Stem elongation and concomitant acceleration of flowering are well known responses of some higher plants to treatment with gibberellin (2, 3, 7, 8, 19, 20). It is clear that responsive biennials, such as henbane (Hyoscyamus niger L.) and carrot (Daucus carota L.) must reach a certain stage of development before either cold or gibberellin is effective in promoting seedstalk elongation and flowering (4, 5, 9, 19). Thus, in carrot a minimum root diameter of about 1 cm must be attained before flowering may be induced (4, 19). The flowering behavior of the biennials is in contrast to that of winter annual plants such as head lettuce (Lactuca sativa L.) and endive (Cichoritum endivia L.). The winter annuals, one of which is discussed in this paper, have only a quantitative requirement for cold.
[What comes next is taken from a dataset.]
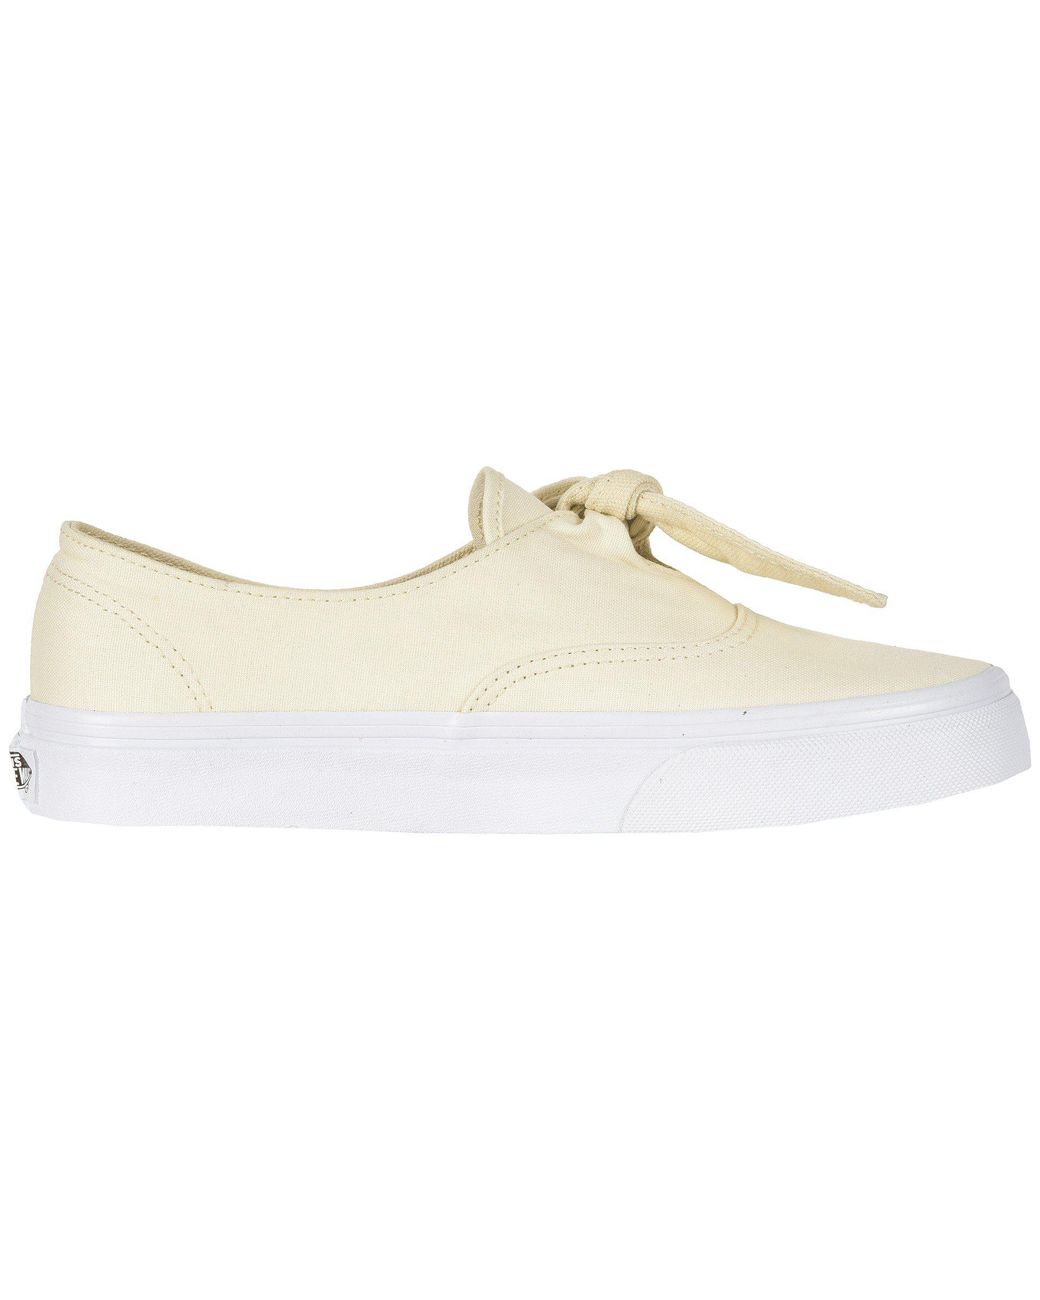 Vans Authentic Knotted | Lyst

Flowering is hastened by a short period of seedling vernalization followed by a regimen of long days and high night temperatures (6, 10, 11, 12, 13, 14, 16, 18, 19). Application of gibberellin at any time after seed germination promotes stem growth and subsequent flowering of endive and of lettuce. The questions which the present experiments were designed to answer are: a) to what extent does gibberellin replace the cold and/or long day requirements for flowering of endive, and b) to what extent does gibberellin overcome temperatures unfavorable for seedstalk elongation.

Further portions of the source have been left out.